Frequently Asked Questions
What is the most reliable neighborhood in Visby for digital nomads and remote workers?
The old town inside the ringwall, particularly the streets around Strandgatan and Adelsgatan, has the highest concentration of cafés with reliable Wi-Fi and available power sockets. Most of these cafés open by 8 a.m. and offer stable connections suitable for video calls. The east quarter is quieter but has fewer options, so plan accordingly if you need consistent connectivity.
What are the average internet download and upload speeds in Visby's central cafés and workspaces?
Most central cafés in Visby report download speeds between 50 and 100 Mbps and upload speeds between 20 and 50 Mbps, based on standard broadband infrastructure on Gotland. Speeds can drop during peak hours, particularly on weekends when cruise ships are in port. The harbor-side locations tend to have slightly faster connections due to newer infrastructure near the ferry terminal.
How easy is it to find cafés with ample charging sockets and reliable power backups in Visby?
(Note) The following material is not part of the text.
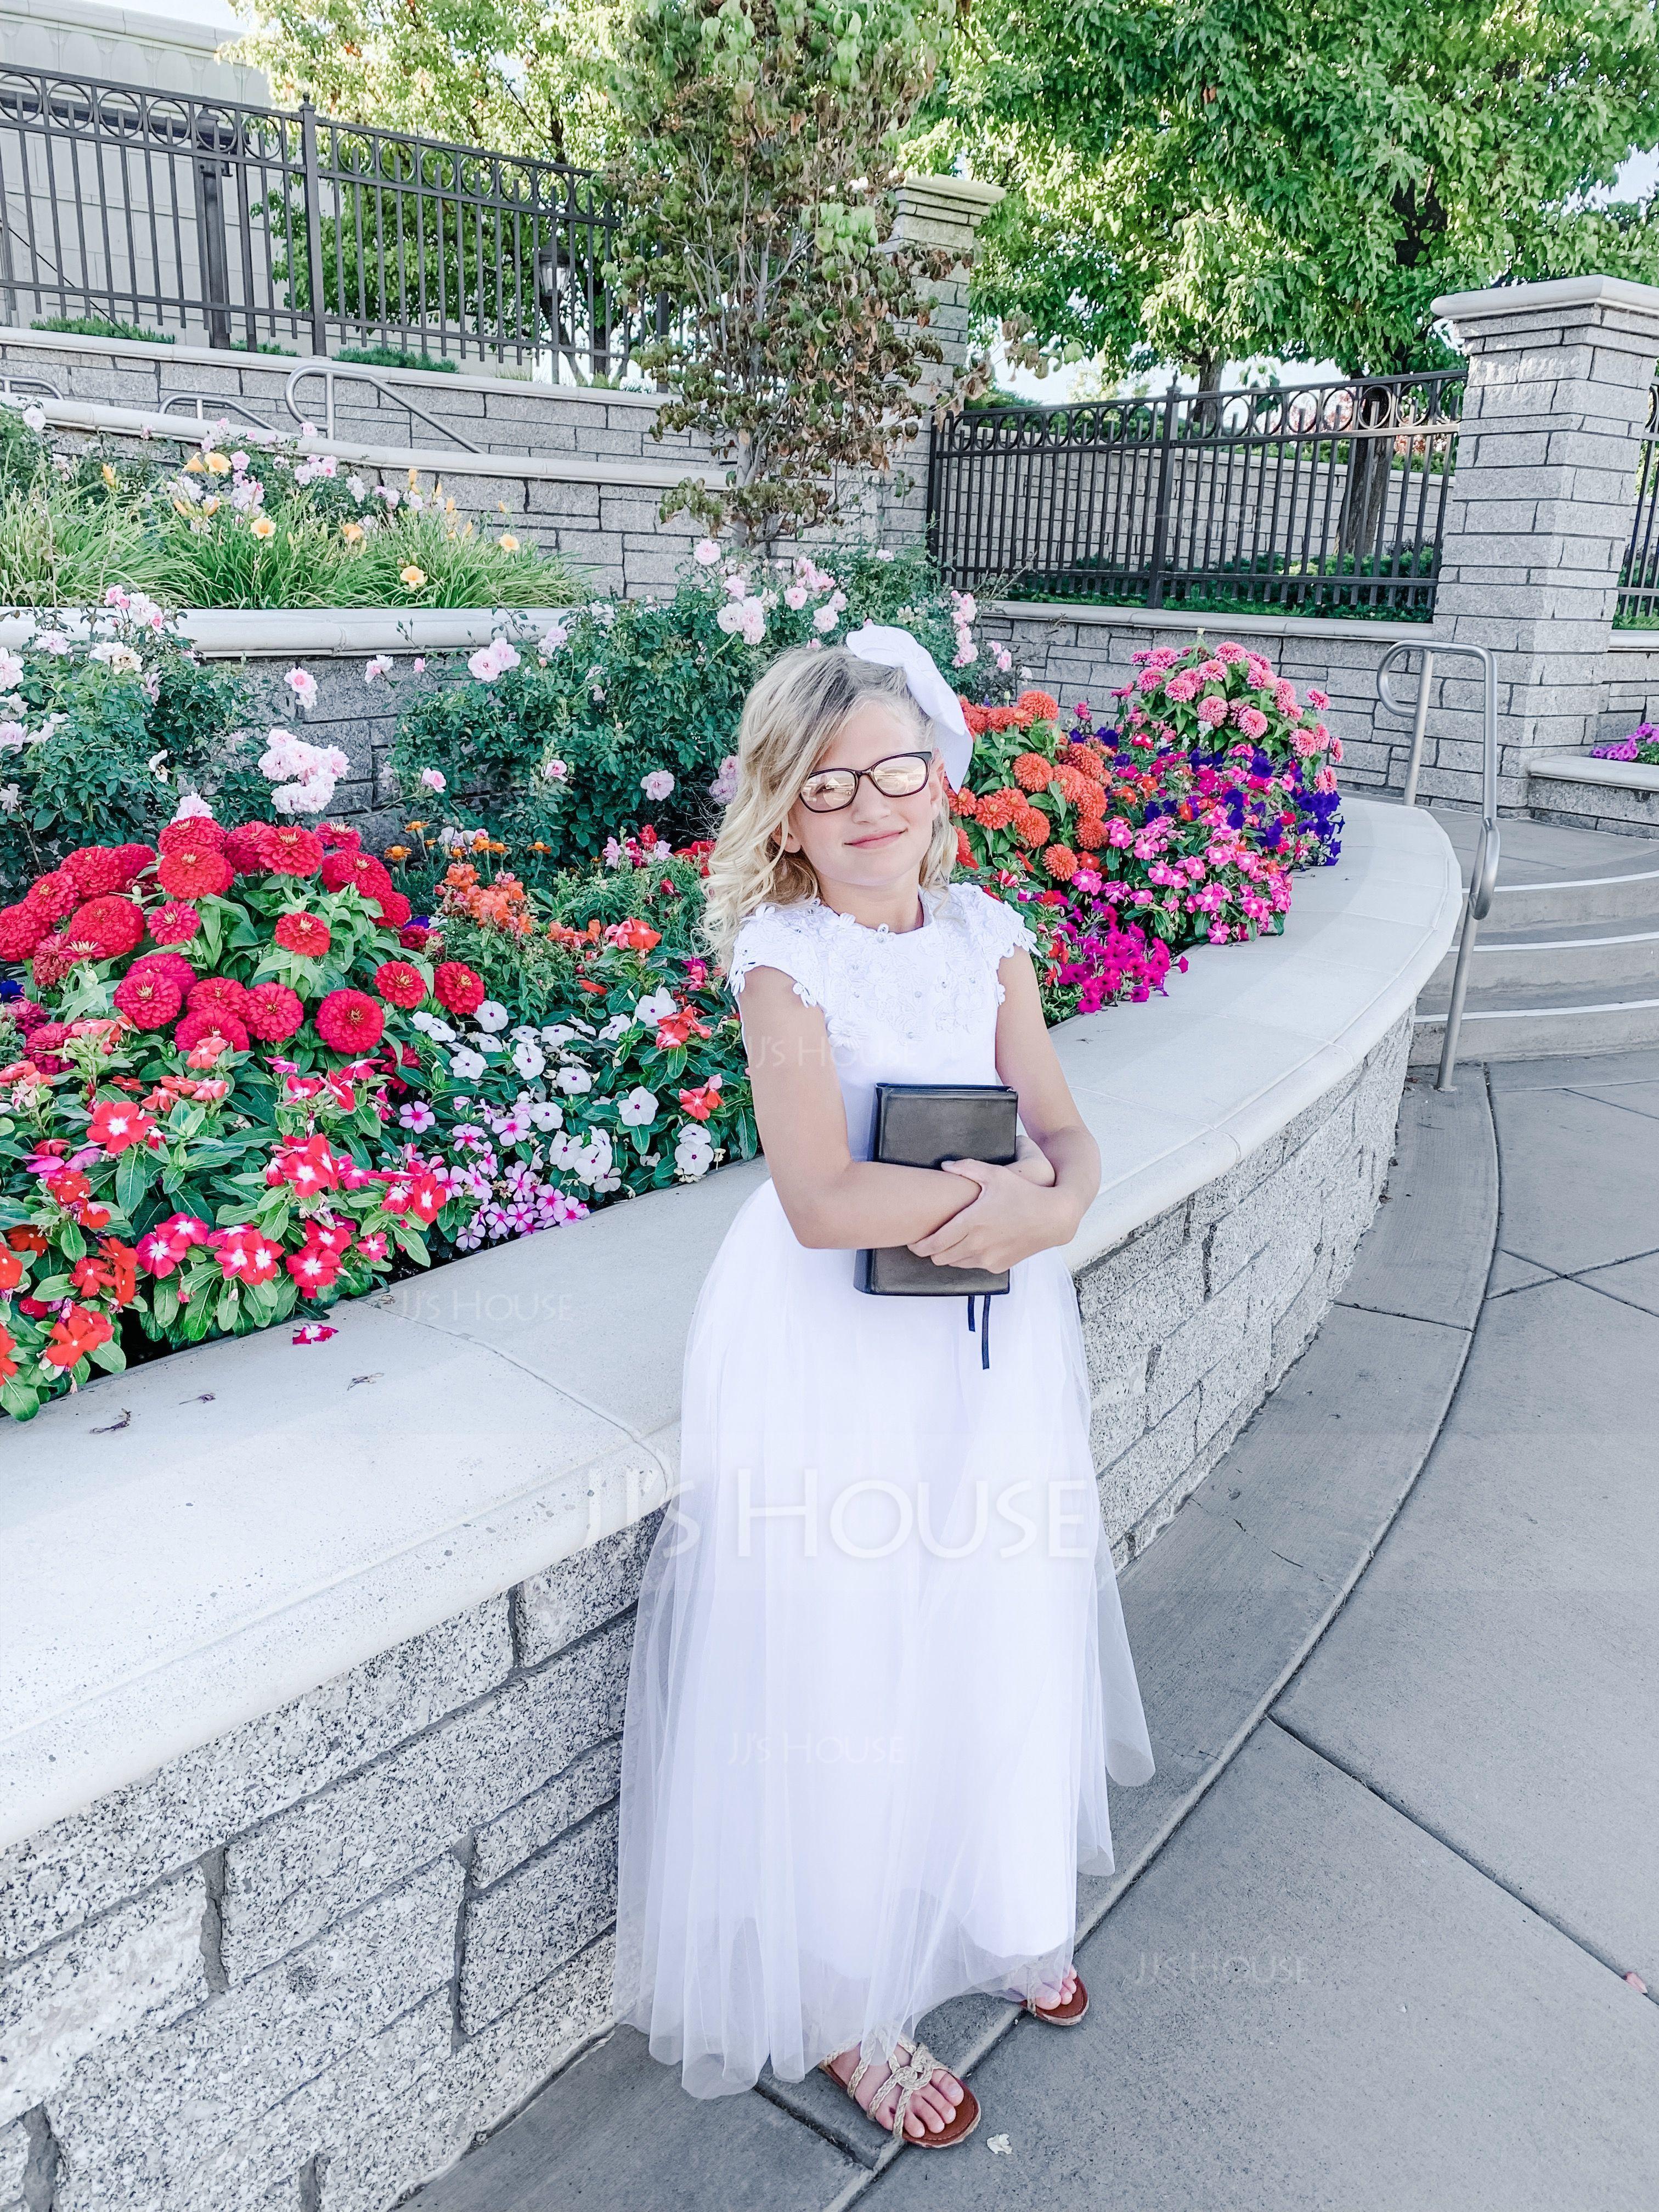 Gala-Japon Vloer lengte Bloemenmeisjesjurken - Satijn/Tule Mouwloos Ronde Hals met Kralen/Applicaties Kant (010092939)

Charging sockets are available at most specialty coffee spots in the old town, though the number varies significantly. Larger cafés near the cathedral and the harbor typically have six to eight sockets, while smaller roasters may have only two or three. Power backups are not standard at most independent cafés, so carrying a portable charger is advisable if you plan to work for extended periods.
Are there good 24/7 or late-night co-working spaces available in Visby?
Visby does not currently have dedicated 24/7 co-working spaces. Most cafés close by 6 p.m., and the latest-serving spots shut by 8 p.m. during the summer season. The public library near the museum offers extended hours on certain weekdays, but access is limited to standard library services rather than a co-working environment. Remote workers needing late-night access typically rely on hotel business centers or personal accommodations.
Is Visby expensive to visit? Give a realistic daily budget breakdown for mid-tier travelers.
A mid-tier daily budget for Visby runs approximately 1,200 to 1,800 SEK per person. This includes a hotel or guesthouse at 800 to 1,200 SEK per night, meals at 300 to 500 SEK per day, and coffee at 40 to 60 SEK per cup at specialty roasters. Bicycle rental adds about 150 SEK per day, and museum entry fees range from 80 to 120 SEK per site. Budgets can be reduced by staying in hostels outside the ringwall or self-catering from grocery stores.